🥾

# Bootstrapping for A/B testing

Category
Statistics
Published on
May 1, 2023
📖  Table of content

# Introduction

When running an experiment, sometimes the randomisation unit is different from the analysis unit. In this case, the assumption of independence between each observation may not hold anymore.

Since the independent and identically distributed (i.i.d.) assumption is violated, it is therefore impossible to run a standard test on raw data.

Several options are possible. One is to estimate the true variance with the Delta method, explained in a previous post:

🔼
Delta Method for A/B testing

Another option is to perform bootstrapping, which we discuss in this article.

# Python implementation

1. As experiment data, we have a DataFrame of users that were randomly assigned to the Control or Target group. We recorded their sessions in the app, and the number of sessions that generated a conversion.
2. The table contains one row per `user`, with their `group`, total number of `sessions`, total number of `conversions`, and `conversion_rate` calculated as conversions over sessions:

``````| group   | user_id          | sessions | conversions | conversion_rate |
|:--------|:-----------------|---------:|------------:|----------------:|
| Control | b0cc6b25669f1cfb |      150 |          62 |        0.413333 |
| Target  | 1cc2f0c081cff495 |       20 |          11 |        0.550000 |
| Control | 0dfa929aa7cea87a |       31 |           6 |        0.193548 |
| Target  | 0dfa929aa7cea87a |       39 |           9 |        0.230769 |
| Control | e1916d7a661d210f |        3 |           2 |        0.666667 |``````

We check summary statistics, with the conversion rate of each group:
``````# Summary stats
df_summary = (
df
.assign(conversion_rate=lambda x: (x['conversions']/x['sessions']))
.groupby(['group'])
.agg({'user_id': 'count', 'sessions': 'sum', 'conversions': 'sum'})
.assign(conversion_rate=lambda x: x['conversions']/x['sessions'])
)
df_summary``````
 group users sessions conversions conversion_rate Control 488 37689 7662 0.2032 Target 493 45106 8134 0.1803

3. Define a function to calculate the statistic that we’re interested in, i.e. the difference in conversion rates between groups.
4. Note: another possible option would be to look at the difference in average (unweighted) users conversion rates between groups.

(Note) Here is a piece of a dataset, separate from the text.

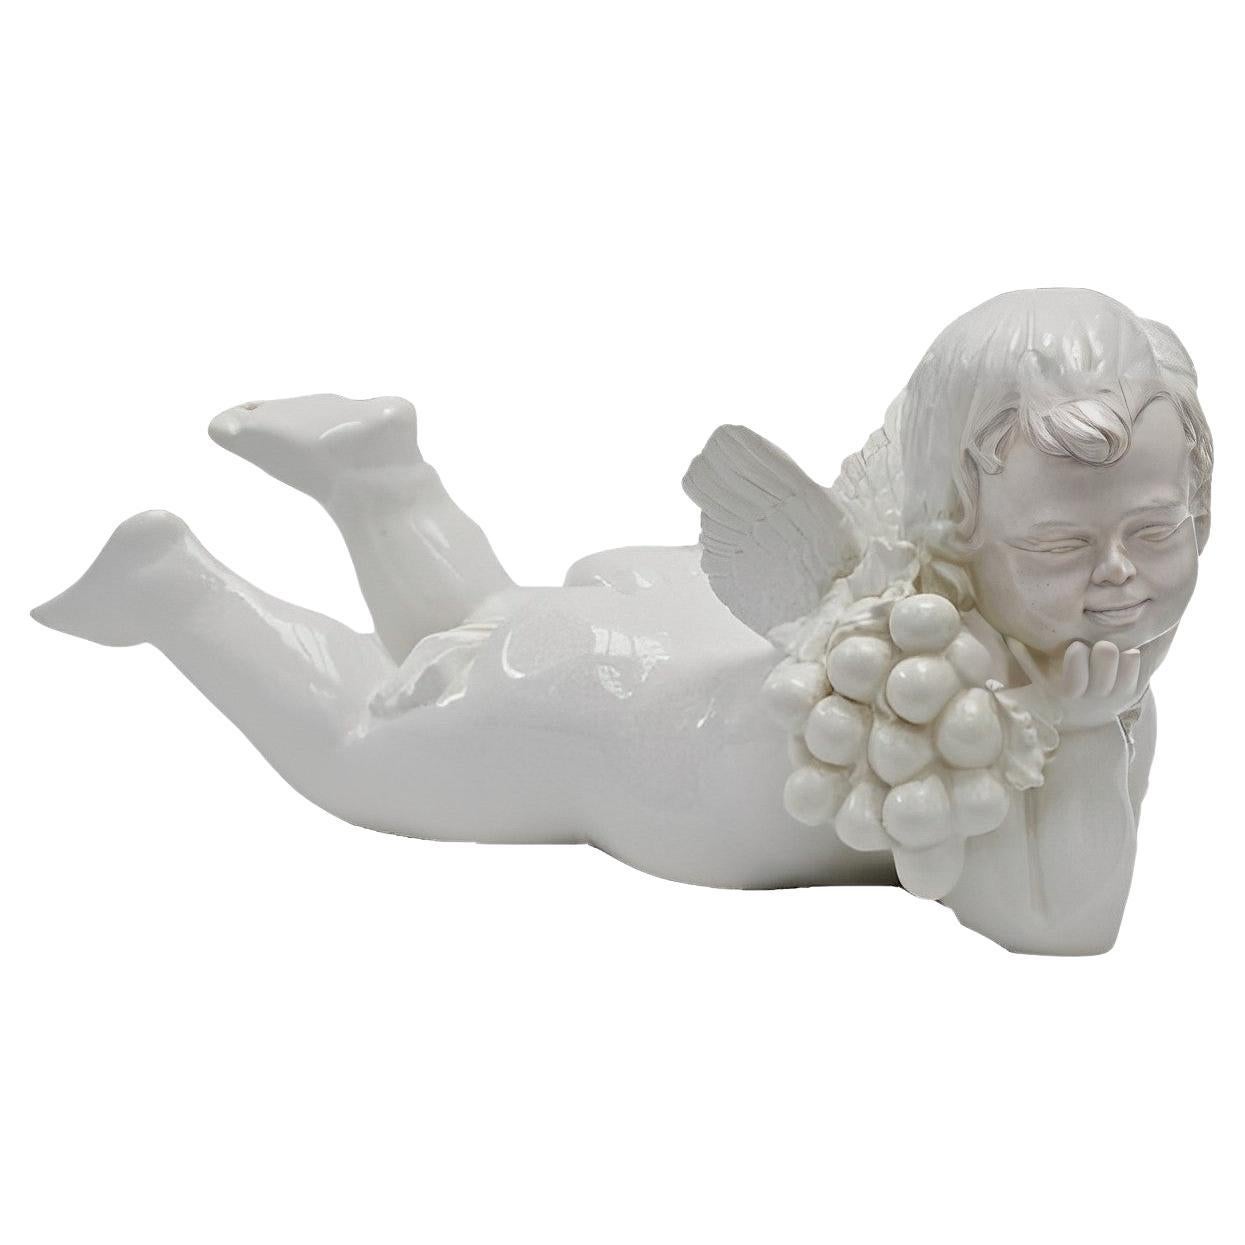 Vietri - Grande figurine italienne de chérubin en céramique émaillée blanche craquelée

``````# Function to get the statistic
def calculate_statistic(data):
conv_rates = (
data
.groupby('group')
.agg({'conversions': 'sum', 'sessions': 'sum'})
.assign(conv_rate=lambda x: x['conversions']/x['sessions'])
['conv_rate']
)
return conv_rates['Target'] - conv_rates['Control']``````

5. Calculate the statistic for the observed data, not yet resampled. In this example, there is a -2.29% difference in the Target group vs Control, as seen from the summary stats in step 1.
6. ``````# Actual observed difference
observed_statistic = calculate_statistic(df)
observed_statistic``````
``-0.0229``

7. Perform bootstrapping by resampling the data with replacement within each group. In this example we sample 200 times, and select all users with replacement every time (actually 99% because of a bug in pandas).
8. For each sample, the statistic of difference in conversion rates between groups is returned and appended to an array.

``````# Boostrap n times over all users, with replacement
n_bootstrap = 200
bootstrap_statistics = []

for i in range(n_bootstrap):
df_boot = (
df
.reset_index()
.groupby('group')
.apply(lambda x: x.sample(frac=.99, replace=True))
.reset_index(drop=True)
)
bootstrap_statistics.append(calculate_statistic(df_boot))

bootstrap_statistics = np.array(bootstrap_statistics)``````

9. Finally, compute the p-value as the share of bootstrap samples where the absolute difference (because we’re running a two-tailed test) in conversion rates is greater than the global observed difference.
10. This is the very definition of p-value: if we sampled the data repeatedly, how often would we get a more extreme value than the observed difference?

``````# Calculate p-value
p_value = (np.abs(bootstrap_statistics) >= np.abs(observed_statistic)).sum() / n_bootstrap
print("p-value: {:.3f}".format(p_value)``````
``p-value: 0.465``

It happens to be non significant, with a p-value close to 0.5.